As in my earlier post, for Christmas I believe it should be luck of the draw. It means something to a lot of people. But to say parents should get any priority in the school holidays generally is ridiculous. It may be needed for childcare, and it’s the only chance they get to go on holiday. I imagine it’s usually first come first served, but if two people put in requests at the same time and only one could take it then, I think it would be fairer to go to the parent except in a few circumstances. (Close relatives funeral or wedding etc)

I could not disagree more, how entitled can you be!

Employees should be treated fairly and equally, not based on the amount of children they have.

Of course children should have holidays, but that's their parents problem, not their employer or the parents colleagues. Yes, you have childcare to organise, did it just occur to you when your child started primary school?

As my kids have Christmas, February, Easter, May, October time off, it's also ridiculous to pretend August is the only chance to go on holiday. 😂

I agree with the post above, if we start giving entitled parents priority for some things, non-entitled parents or non-parents should get a bonus and priority over promotion and interesting projects.

daliesque · 23/10/2023 17:46

Biasquia · 23/10/2023 17:19

This one is always contentious so I’m going to jump right in. I think people with young Santa aged kids should get Christmas off in preference to people with older children or without children. I know it won’t be popular but that is what happens a lot around where I am and I’m sure child free people hate it but culturally Christmas is less about Jesus and more about children here.

Edited

Bollocks. Christmas is whatever you want it to be.

WestwardHo1 · 23/10/2023 17:46

Just because someone is childless or child free it doesn't mean they don't have family.

AllegroConMoto · 23/10/2023 17:46

Monetm · 23/10/2023 17:38

If someone is at a point in life where spending Christmas Day alone will result in devastation, surely they should be seeking help and not be in the workplace?

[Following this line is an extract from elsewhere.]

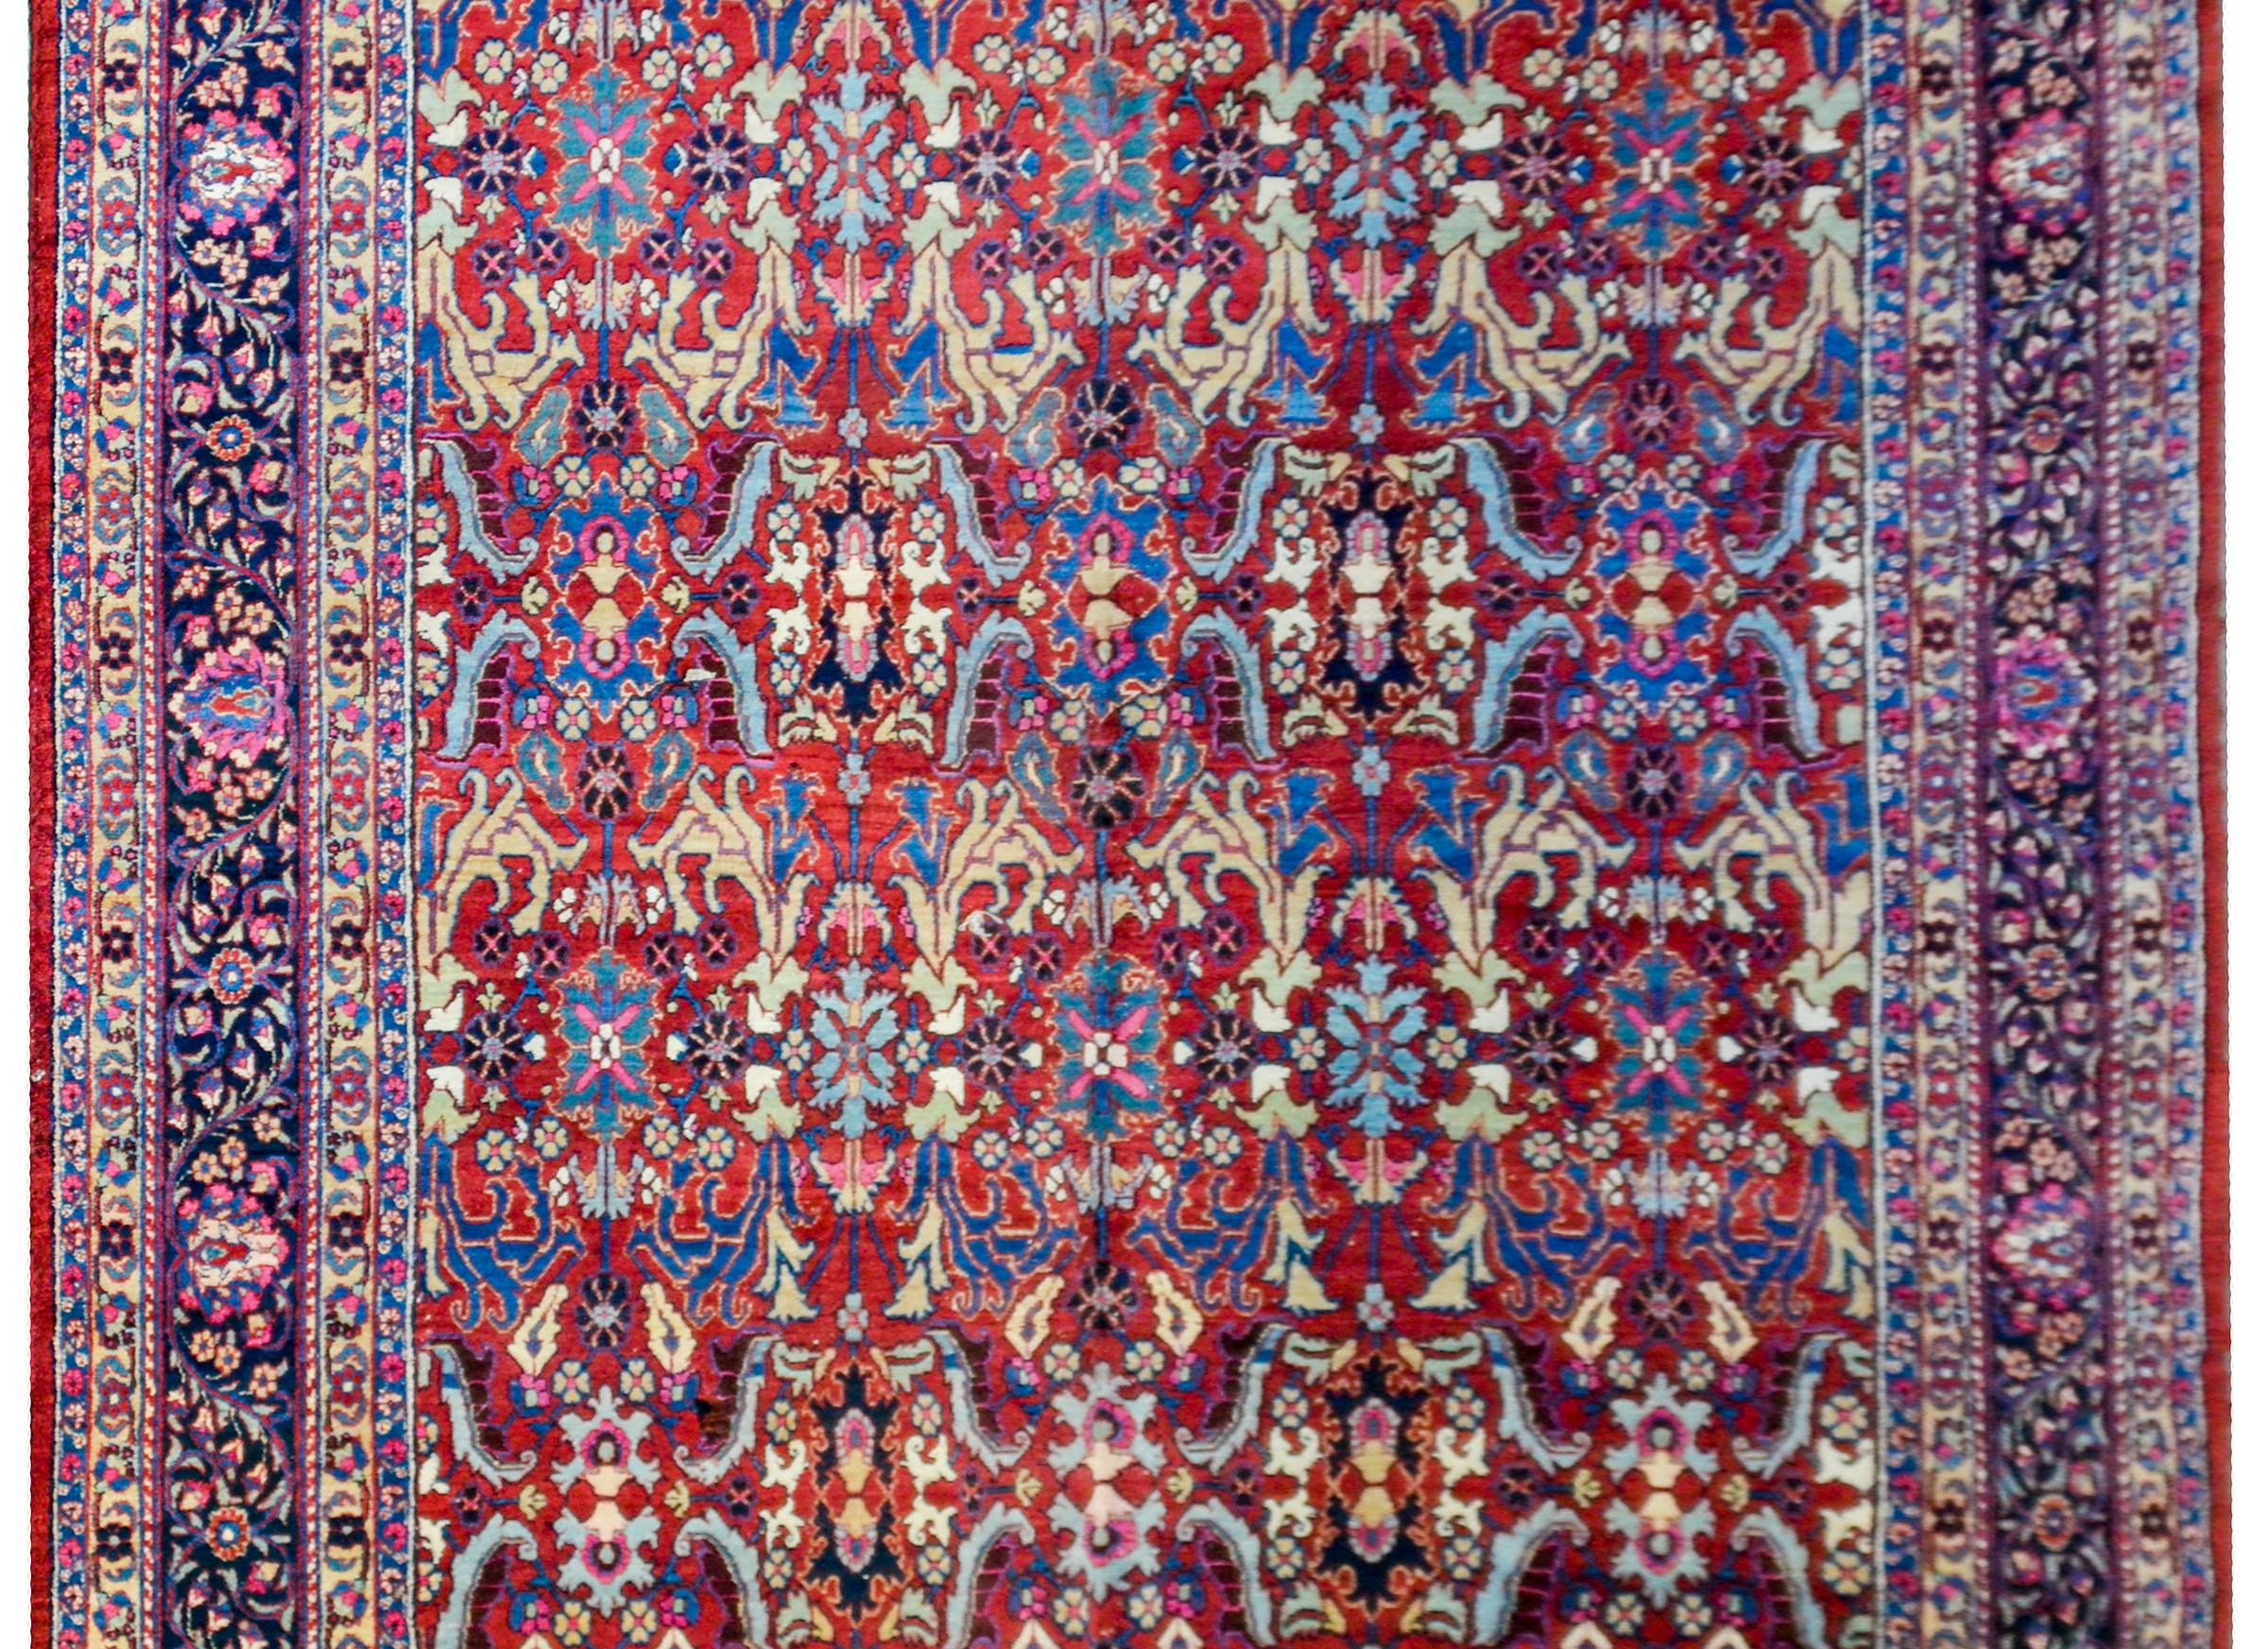 An unbelievable early 20th century Persian Heriz rug with an incredible all-over mirrored floral and leaf trellis pattern woven in light and dark indigo, yellow, and pink on a brilliant crimson background. The border is wonderful with a wide central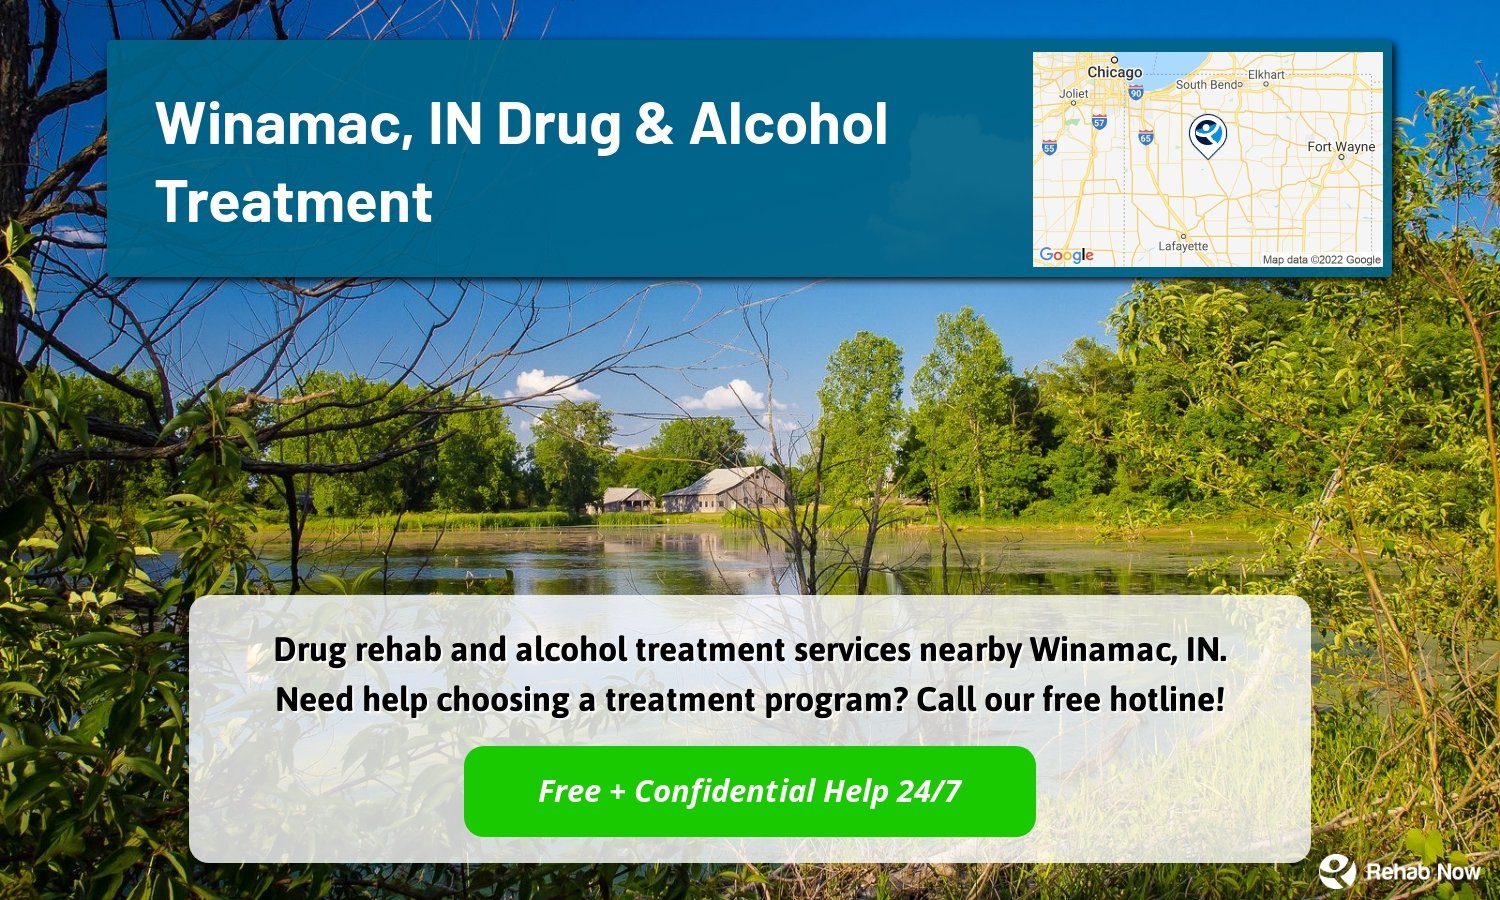 Drug rehab and alcohol treatment services nearby Winamac, IN. Need help choosing a treatment program? Call our free hotline!

Sure because loneliness and poor mental health are known to guarantee you a secure financial situation where you can take as much time off work as you need.

This.

But also, having poor mental health does not mean you’re necessarily unable to work anyway. It’s perfectly possible that spending time alone with your own thoughts at a time of year where there is immense pressure to be with other people could mean that conditions that are normally manageable to become unbearable.

Acornsoup · 23/10/2023 17:47

@Monetm so someone in mental health crisis should be working? I don't get your point. Am I supposed to feel guilty because I suggested they should be unavailable for work?

I have said in my posts if you need to work it should be shared out fairly.